Stored data

------------

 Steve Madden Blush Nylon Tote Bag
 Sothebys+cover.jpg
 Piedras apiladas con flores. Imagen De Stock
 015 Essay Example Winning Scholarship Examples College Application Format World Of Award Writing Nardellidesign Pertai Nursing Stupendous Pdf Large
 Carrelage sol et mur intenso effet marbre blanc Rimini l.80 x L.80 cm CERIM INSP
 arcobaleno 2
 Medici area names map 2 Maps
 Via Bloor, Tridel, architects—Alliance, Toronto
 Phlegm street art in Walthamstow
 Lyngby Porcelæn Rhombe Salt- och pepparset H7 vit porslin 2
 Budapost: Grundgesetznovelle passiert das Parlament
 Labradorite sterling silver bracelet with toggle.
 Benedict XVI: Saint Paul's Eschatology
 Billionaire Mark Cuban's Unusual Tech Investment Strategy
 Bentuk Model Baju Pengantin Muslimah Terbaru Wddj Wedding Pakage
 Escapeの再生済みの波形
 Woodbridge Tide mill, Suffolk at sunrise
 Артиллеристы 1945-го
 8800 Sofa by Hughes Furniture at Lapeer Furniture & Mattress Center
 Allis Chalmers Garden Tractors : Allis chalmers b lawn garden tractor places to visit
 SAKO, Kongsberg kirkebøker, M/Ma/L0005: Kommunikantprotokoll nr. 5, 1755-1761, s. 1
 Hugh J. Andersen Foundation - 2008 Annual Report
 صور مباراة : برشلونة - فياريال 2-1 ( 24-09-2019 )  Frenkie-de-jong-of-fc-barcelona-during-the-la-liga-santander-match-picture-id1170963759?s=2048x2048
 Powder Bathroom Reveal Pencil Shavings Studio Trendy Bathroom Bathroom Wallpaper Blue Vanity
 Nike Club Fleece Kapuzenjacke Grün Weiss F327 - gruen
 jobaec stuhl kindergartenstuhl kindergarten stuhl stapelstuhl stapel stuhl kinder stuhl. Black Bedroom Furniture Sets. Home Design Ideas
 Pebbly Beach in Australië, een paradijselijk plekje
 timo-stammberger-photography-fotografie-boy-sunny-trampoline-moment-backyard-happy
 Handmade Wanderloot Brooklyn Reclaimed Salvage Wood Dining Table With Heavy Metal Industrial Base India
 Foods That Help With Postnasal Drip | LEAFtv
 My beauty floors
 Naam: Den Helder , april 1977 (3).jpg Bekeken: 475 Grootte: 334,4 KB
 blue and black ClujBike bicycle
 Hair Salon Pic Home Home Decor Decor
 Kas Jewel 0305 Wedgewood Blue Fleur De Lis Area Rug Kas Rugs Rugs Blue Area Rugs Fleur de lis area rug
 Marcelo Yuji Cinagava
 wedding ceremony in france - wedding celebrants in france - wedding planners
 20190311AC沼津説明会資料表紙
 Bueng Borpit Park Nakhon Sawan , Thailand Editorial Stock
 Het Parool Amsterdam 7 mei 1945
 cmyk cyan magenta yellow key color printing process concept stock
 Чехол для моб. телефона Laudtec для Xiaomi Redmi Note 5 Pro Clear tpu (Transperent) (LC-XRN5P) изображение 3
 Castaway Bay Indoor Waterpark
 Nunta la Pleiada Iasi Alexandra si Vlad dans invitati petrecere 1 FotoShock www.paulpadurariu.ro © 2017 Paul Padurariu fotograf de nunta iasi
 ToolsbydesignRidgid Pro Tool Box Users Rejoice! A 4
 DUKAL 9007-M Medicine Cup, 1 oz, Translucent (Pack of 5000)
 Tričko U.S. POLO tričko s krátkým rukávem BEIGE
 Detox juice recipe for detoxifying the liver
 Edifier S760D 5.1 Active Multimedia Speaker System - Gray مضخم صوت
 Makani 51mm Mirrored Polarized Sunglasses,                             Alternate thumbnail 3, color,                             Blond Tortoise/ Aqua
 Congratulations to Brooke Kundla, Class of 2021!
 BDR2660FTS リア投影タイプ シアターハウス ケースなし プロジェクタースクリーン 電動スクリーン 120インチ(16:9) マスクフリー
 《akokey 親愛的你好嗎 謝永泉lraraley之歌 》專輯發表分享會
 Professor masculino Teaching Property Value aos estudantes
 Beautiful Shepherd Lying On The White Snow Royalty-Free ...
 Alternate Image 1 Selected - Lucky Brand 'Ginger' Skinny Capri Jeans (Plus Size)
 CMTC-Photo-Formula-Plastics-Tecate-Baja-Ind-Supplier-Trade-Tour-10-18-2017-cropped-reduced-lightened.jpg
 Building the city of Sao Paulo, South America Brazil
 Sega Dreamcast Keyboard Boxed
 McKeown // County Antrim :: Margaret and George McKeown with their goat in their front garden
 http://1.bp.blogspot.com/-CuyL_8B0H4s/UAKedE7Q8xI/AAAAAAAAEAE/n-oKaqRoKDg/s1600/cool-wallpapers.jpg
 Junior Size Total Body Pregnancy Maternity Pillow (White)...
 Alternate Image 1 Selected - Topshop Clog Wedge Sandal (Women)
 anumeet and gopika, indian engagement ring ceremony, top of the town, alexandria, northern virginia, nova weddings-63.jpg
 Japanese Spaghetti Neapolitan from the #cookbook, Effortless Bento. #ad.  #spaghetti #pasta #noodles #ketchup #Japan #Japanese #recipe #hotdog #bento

------------

▶ _WHAT THE EXERCISE ASKS_:
Using the entries above, give again exactly the lines from the line holding "Handmade Wanderloot Brooklyn" through the line holding "Tričko U.S. POLO". Include both end lines and nothing else.

▶ _RESPONSE TO THE TASK_:
 Handmade Wanderloot Brooklyn Reclaimed Salvage Wood Dining Table With Heavy Metal Industrial Base India
 Foods That Help With Postnasal Drip | LEAFtv
 My beauty floors
 Naam: Den Helder , april 1977 (3).jpg Bekeken: 475 Grootte: 334,4 KB
 blue and black ClujBike bicycle
 Hair Salon Pic Home Home Decor Decor
 Kas Jewel 0305 Wedgewood Blue Fleur De Lis Area Rug Kas Rugs Rugs Blue Area Rugs Fleur de lis area rug
 Marcelo Yuji Cinagava
 wedding ceremony in france - wedding celebrants in france - wedding planners
 20190311AC沼津説明会資料表紙
 Bueng Borpit Park Nakhon Sawan , Thailand Editorial Stock
 Het Parool Amsterdam 7 mei 1945
 cmyk cyan magenta yellow key color printing process concept stock
 Чехол для моб. телефона Laudtec для Xiaomi Redmi Note 5 Pro Clear tpu (Transperent) (LC-XRN5P) изображение 3
 Castaway Bay Indoor Waterpark
 Nunta la Pleiada Iasi Alexandra si Vlad dans invitati petrecere 1 FotoShock www.paulpadurariu.ro © 2017 Paul Padurariu fotograf de nunta iasi
 ToolsbydesignRidgid Pro Tool Box Users Rejoice! A 4
 DUKAL 9007-M Medicine Cup, 1 oz, Translucent (Pack of 5000)
 Tričko U.S. POLO tričko s krátkým rukávem BEIGE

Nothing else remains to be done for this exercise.